Mutual inductance quickly decreases while the distance between SRRs is increased and, thus, the spectral separation becomes smaller. Electric coupling of two SRRs, which depends on the rotation angle, can be easily involved into this model [9, 43].

For the structure with the metallic mesh in Figure 3(c), the diagonal components and one of the nondiagonal components of the T‐matrix are suppressed, as desired. As a result, one‐way polarization conversion can be obtained. However, a nearly perfect transmission is again not reached: max|Txyf|=0.54 and max|Tyyb|=0.067 at f = 6.59 GHz. On the contrary to the mesh‐containing structure with 4U‐type unit cells [23] and the mesh‐free structure in Figure 3(b), the unwanted components of the T‐matrix are well suppressed, enabling strong directional selectivity in a wide frequency band. Note that the mesh alone only allows one obtaining a very weak transmission in this band, i.e., evanescent‐wave regime is evident. In this case, Lagrange formalism in the above‐presented form is not applicable, since additional modifications are required to properly take into account the effects of the mesh.

Placing a low‐ε layer between two metasurfaces in the mesh‐free configurations and between each metasurface and the mesh in the mesh‐containing configurations results in that all of the basic transmission and polarization conversion features observed in Figure 3(b, c) are preserved, while the resonance frequencies are redshifted. This is quite expectable, although the obtained shift is weaker than it would be when the rule of ε−1/2 is valid. In Figure 3(d, e), we use a material with ε = 2.1 that belongs to the ε‐range, to which many materials that are widely used at microwave and optical frequencies (e.g., polytetrafluoroethylene/Teflon, SiO₂) do belong. In particular, the first maximum of |Txyf| in the case of the mesh‐containing structure is redshifted from f = 6.59 to f = 5.29 GHz, compare Figure 3(c, e). In turn, two first maxima of |Tyxf| in the case of the mesh‐free structures are redshifted from f = 6.35 and f = 7.3 GHz to f = 5.27 and f = 6.09 GHz, respectively, see Figure 3(b, d) for comparison. Moreover, the maximal values of |Tyxf| shown in Figure 3(d) are several times larger than the values of |Txyf| at the same frequencies. The maximal values of |Txyf| in Figure 3(d, e) become closer to unity, so the nearly perfect conversion regime is approached.

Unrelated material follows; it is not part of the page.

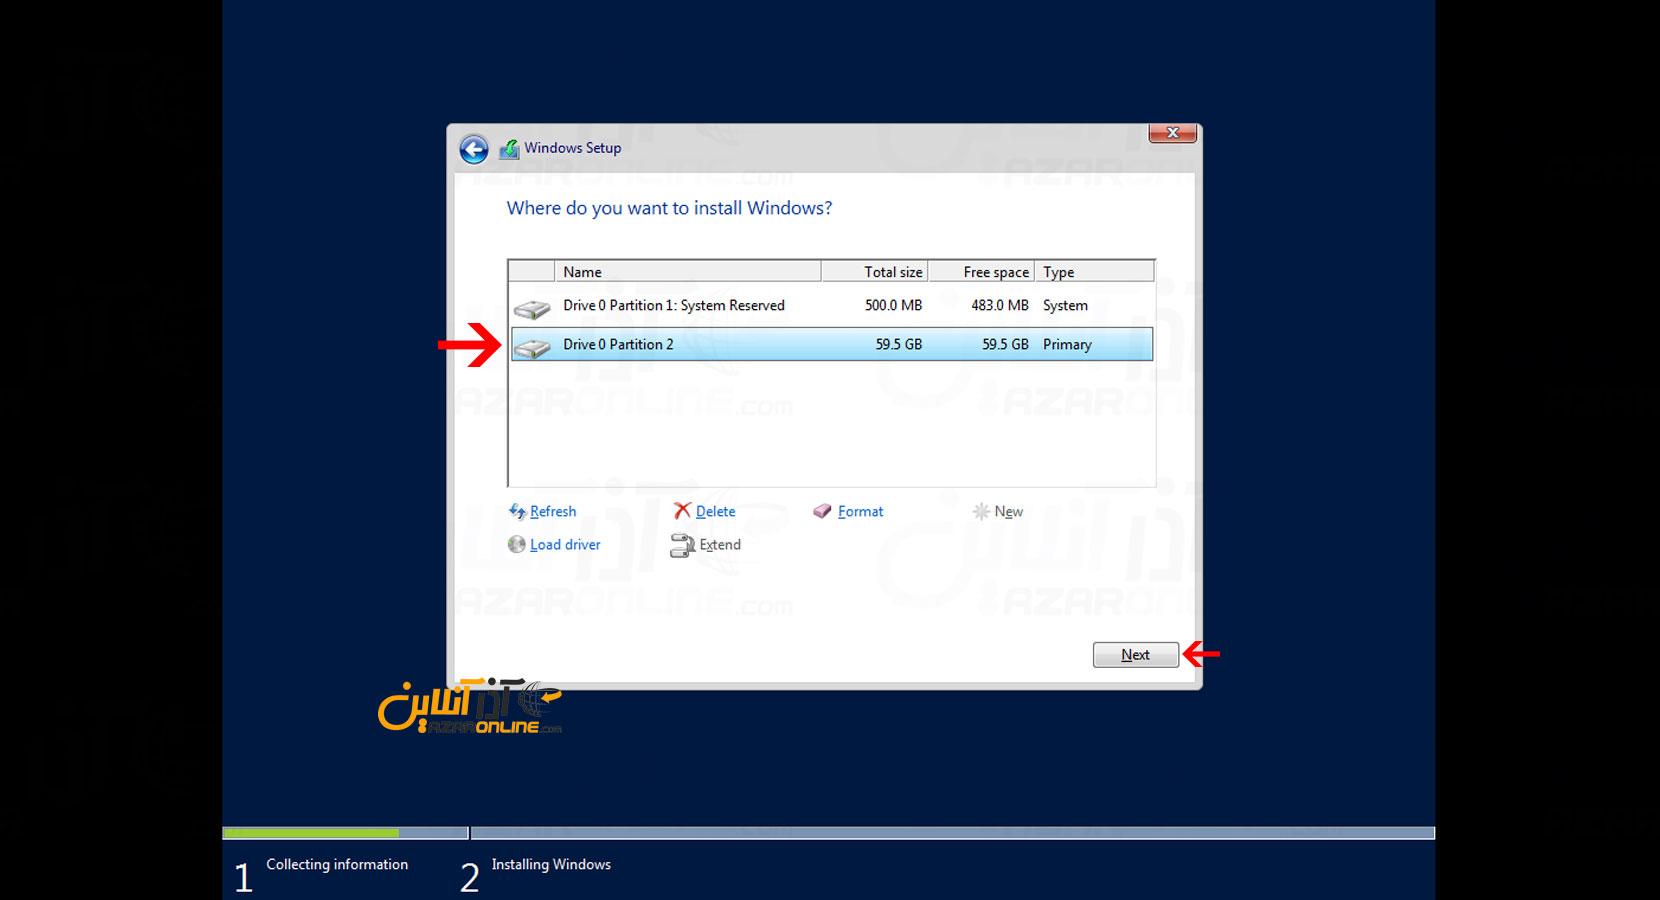 آموزش نصب ویندوز سرور 2016 در vmware - ساخته شدن پارتیشن

The above‐discussed features can be enhanced at a further increase of ε. In Figure 3(f, g), the results are presented for ε = 5.8 (e.g., some types of glass and diamond). Now, we obtain max|Tyxf|>0.8 at f = 3.67 and f = 4.22 GHz, and max|Txyf|>0.89 at f = 7.22 and f = 7.49 GHz for the mesh‐free structure in Figure 3(f), and max|Txyf|>0.8 at f = 3.6 GHz, and max|Txyf|>0.995 near f = 7.9 GHz for the mesh‐containing structure in Figure 3(g), while the second cross‐polarized component is well suppressed. Higher resonances are redshifted so that dual‐band operation with a large distance between the bands is possible at f < 8.5 GHz. Note that S/λ<0.17 and a/λ<0.62 at f < 8.5 GHz, where λ is the free‐space wavelength.

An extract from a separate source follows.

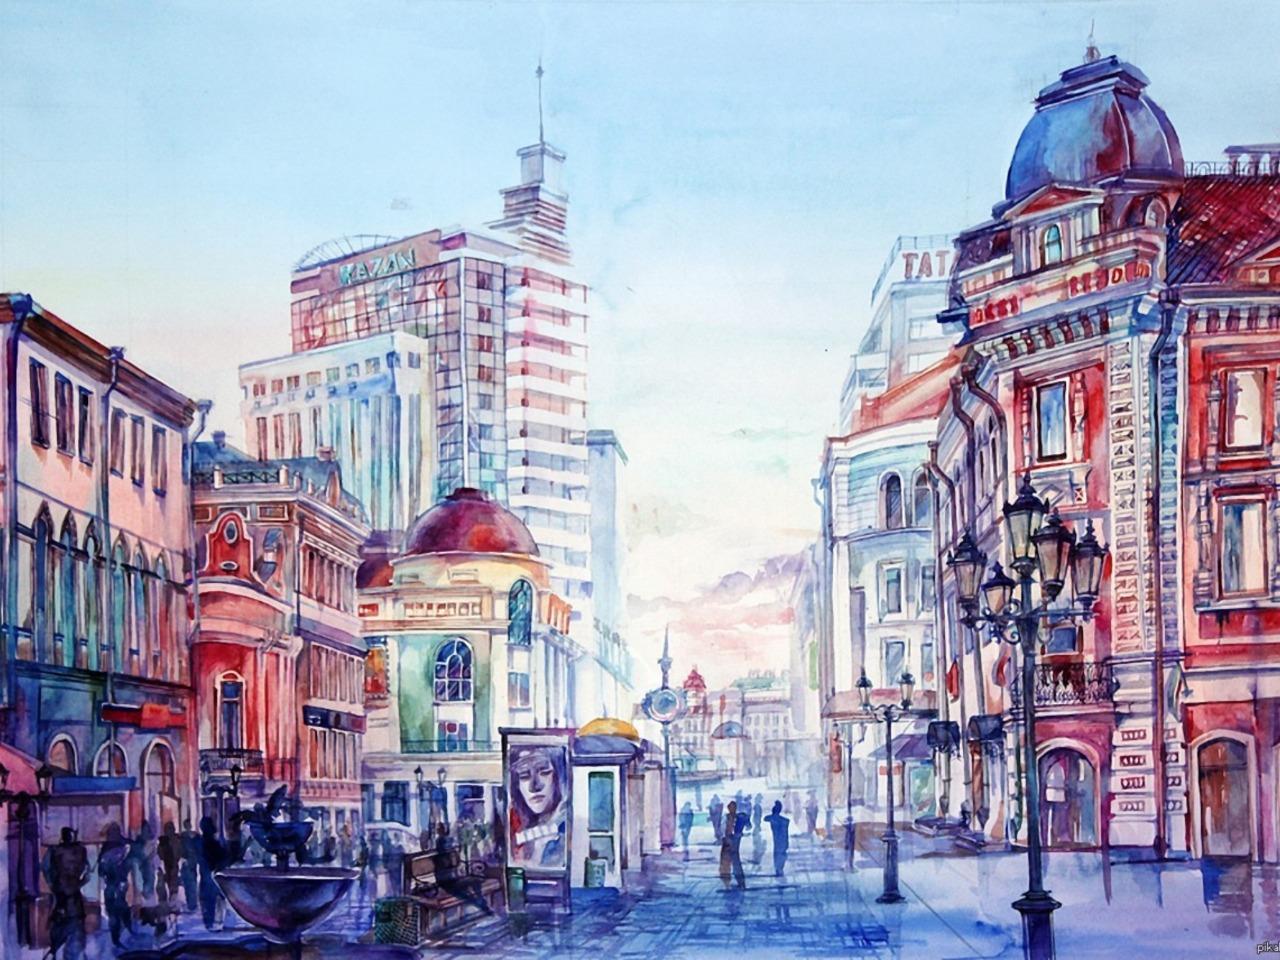 Пешеходная по Казани - индивидуальная экскурсия в Казани от опытного гида

What can be even more important for practical applications is that the high‐frequency polarization conversion band at f > 7 GHz is wider than those connected with the maxima near f = 4 GHz, in Figure 3(f, g). If single‐band operation is sufficient, design can be optimized based on the trade‐off between the bandwidth and electrical size. It is worth noting that a part of the near‐unity transmission scenarios is realized by using the y‐polarized incident wave, while the other part does with the aid of the x‐polarized incident wave. In particular, for the mesh‐free structure in Figure 3(f) we obtain different directions of near‐unity transmission for the first two maxima and for the high‐frequency band, while this direction is the same for the both bands in the mesh‐containing structure in Figure 3(g).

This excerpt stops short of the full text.